Reata Pharmaceuticals, Inc. (Nasdaq:RETA) (“Reata” or the “Company”), a clinical-stage biopharmaceutical company, announced today that the Phase 3 portion of the CARDINAL study of bardoxolone methyl (bardoxolone) in patients with chronic kidney disease (CKD) caused by Alport syndrome met its primary and key secondary endpoints.  After 48 weeks of treatment, patients treated with bardoxolone had a statistically significant improvement compared to placebo in mean estimated glomerular filtration rate (eGFR) of 9.50 mL/min/1.73 m2 (p<0.0001).  After 48 weeks of treatment and a four-week withdrawal period, patients treated with bardoxolone had a statistically significant improvement compared to placebo in mean retained eGFR of 5.14 mL/min/1.73 m2 (p=0.0012).  Bardoxolone treatment was generally reported to be well-tolerated and showed a similar safety profile to the Phase 2 portion of the CARDINAL study.  Based on these positive results, and subject to discussions with regulatory authorities, the Company plans to proceed with the submission of regulatory filings for marketing approval in the United States and internationally.

“The first year results from the CARDINAL study are very promising.  This provides hope to the entire Alport syndrome community that we could finally have the first therapy to treat this rare, genetic kidney disease,” said Lisa Bonebrake, Executive Director of the Alport Syndrome Foundation.  “The Alport Syndrome Foundation is grateful to the patients who participated in the study.  Their willingness to contribute to our understanding of bardoxolone is a gift to all patients facing the devastating impact that Alport syndrome can have on their lives, others with the disease in their family, and those who care about them.  We also extend our deepest gratitude to the clinicians and their institutions for conducting this study and caring for these patients through the process, and to Reata Pharmaceuticals for investing their scientific expertise in the search to find a therapy for Alport syndrome.”

“Patients living with Alport syndrome experience a severe and progressive loss of kidney function that can lead to the need for chronic dialysis treatment or a kidney transplant in the prime of their lives.  The CARDINAL trial of bardoxolone is the first study in which a therapy halted the progression of chronic kidney disease in patients with Alport syndrome,” said Warren Huff, Reata’s President and Chief Executive Officer.  “On behalf of everyone at Reata, I would like to express my sincere appreciation to all of the patients, families, and investigators who are participating in the ongoing CARDINAL study.”
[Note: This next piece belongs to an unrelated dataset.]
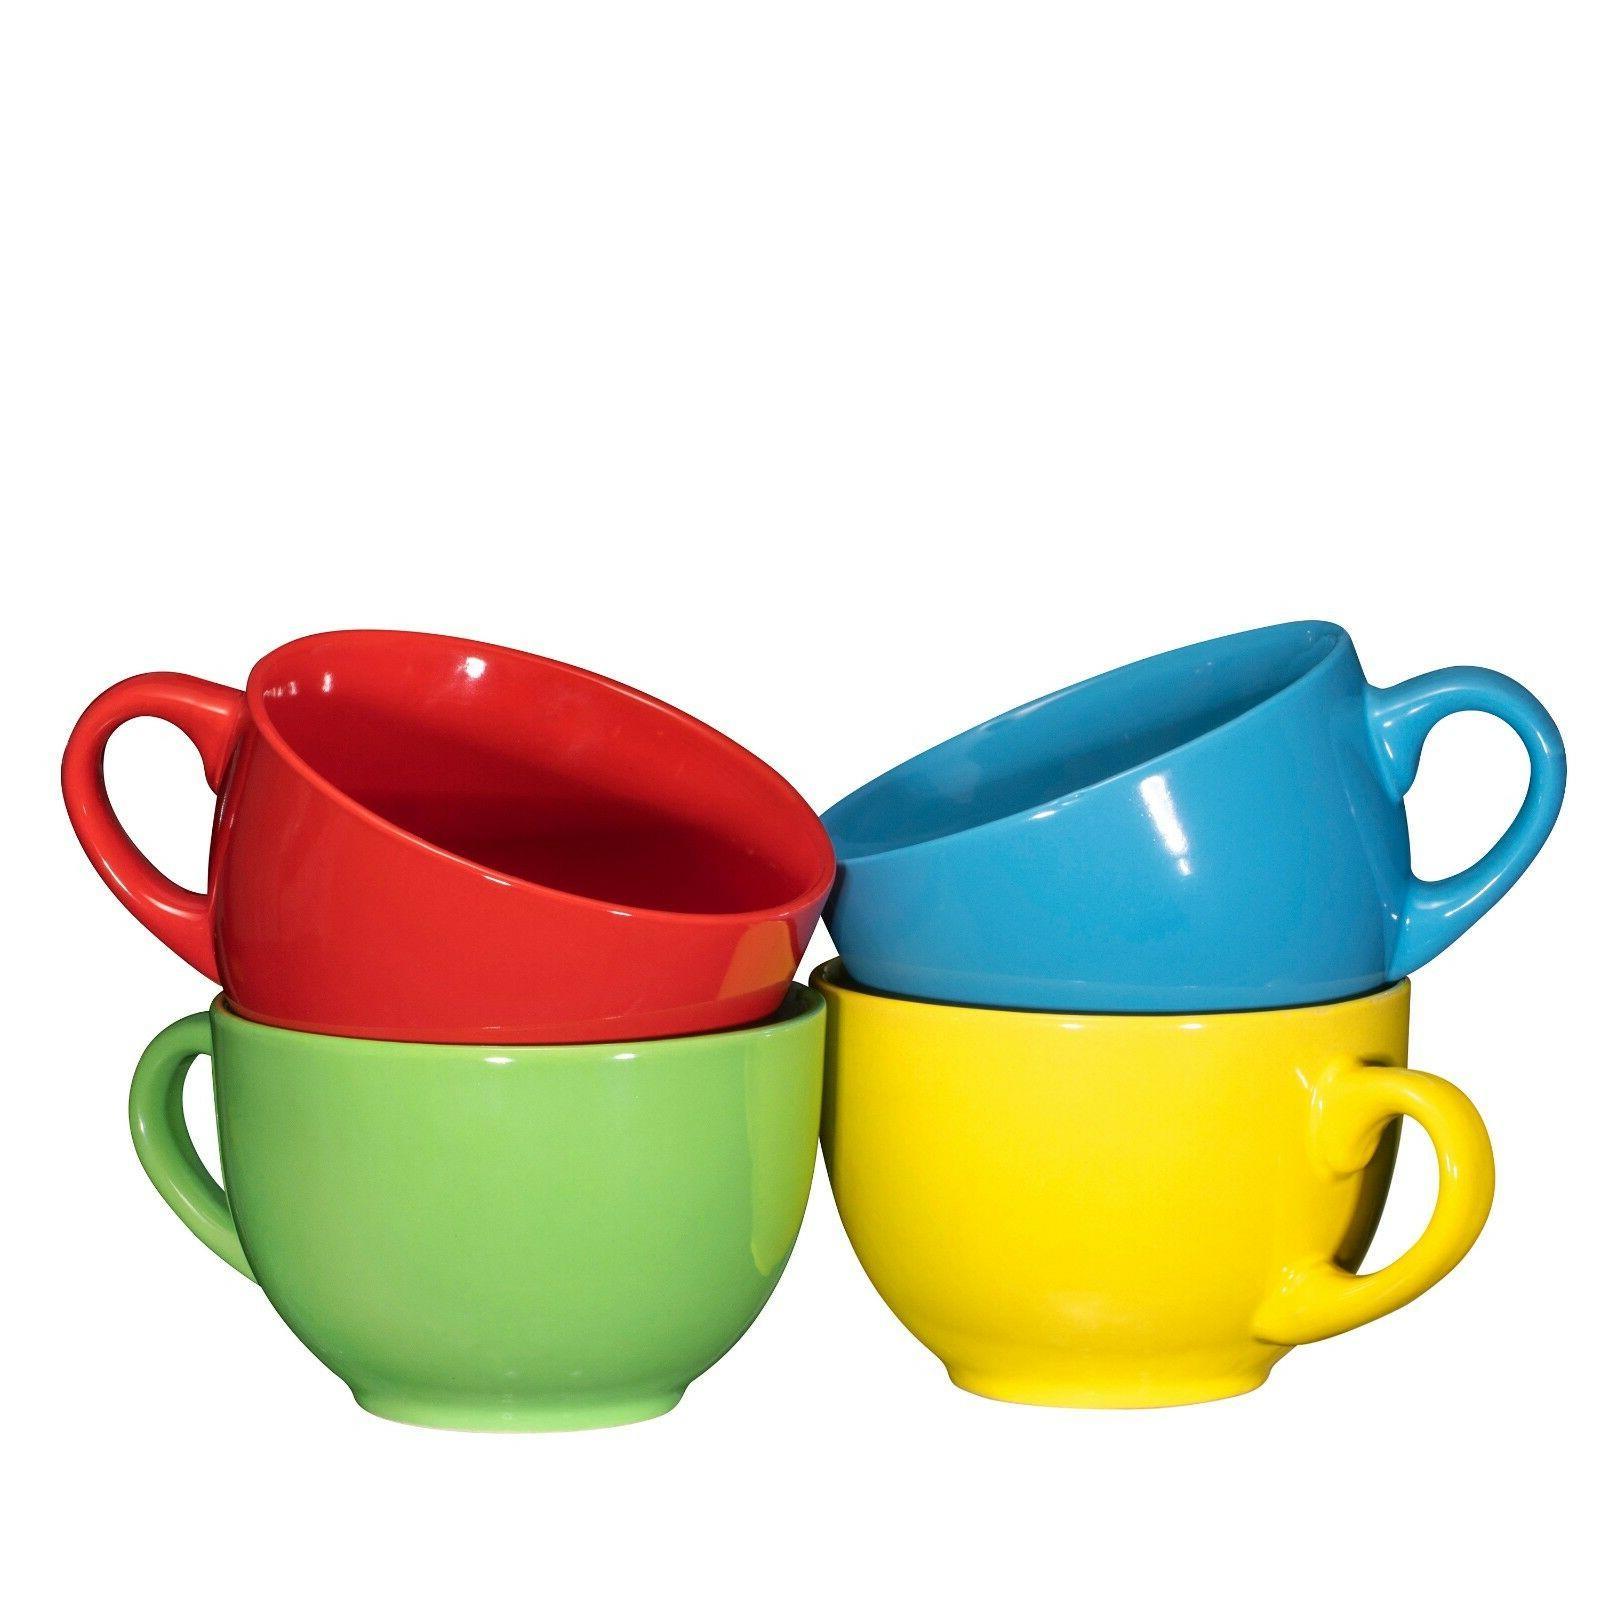 Bruntmor Ceramic Coffee Mug 24

Trial Overview and Results

The Phase 3 portion of CARDINAL is an international, multi-center, double-blind, placebo-controlled, randomized registrational trial that enrolled 157 patients with Alport syndrome at approximately 50 study sites in the United States, Europe, Japan, and Australia.  Pediatric patients represented approximately 15% of enrolled patients.  Patients were randomized 1:1 to bardoxolone or placebo.  The primary endpoint for the study was the change in eGFR, an important measure of the ability of the kidney to filter waste products out of the blood, after 48 weeks of treatment.  The key secondary endpoint for the study was the change in the retained eGFR after 48 weeks of treatment and four weeks of drug withdrawal.  After 52 weeks, patients who completed the first 48 weeks of treatment are restarted on study drug with their original treatment assignments and continue on study drug for a second year.  The second-year on-treatment eGFR will be measured after 100 weeks of treatment and the retained eGFR will be measured at Week 104 after withdrawal of drug for four weeks.  The FDA has provided the Company with written guidance that, in patients with CKD caused by Alport syndrome, an analysis of retained eGFR demonstrating an improvement versus placebo after one year of bardoxolone treatment may support accelerated approval and an improvement versus placebo after two years of treatment may support full approval.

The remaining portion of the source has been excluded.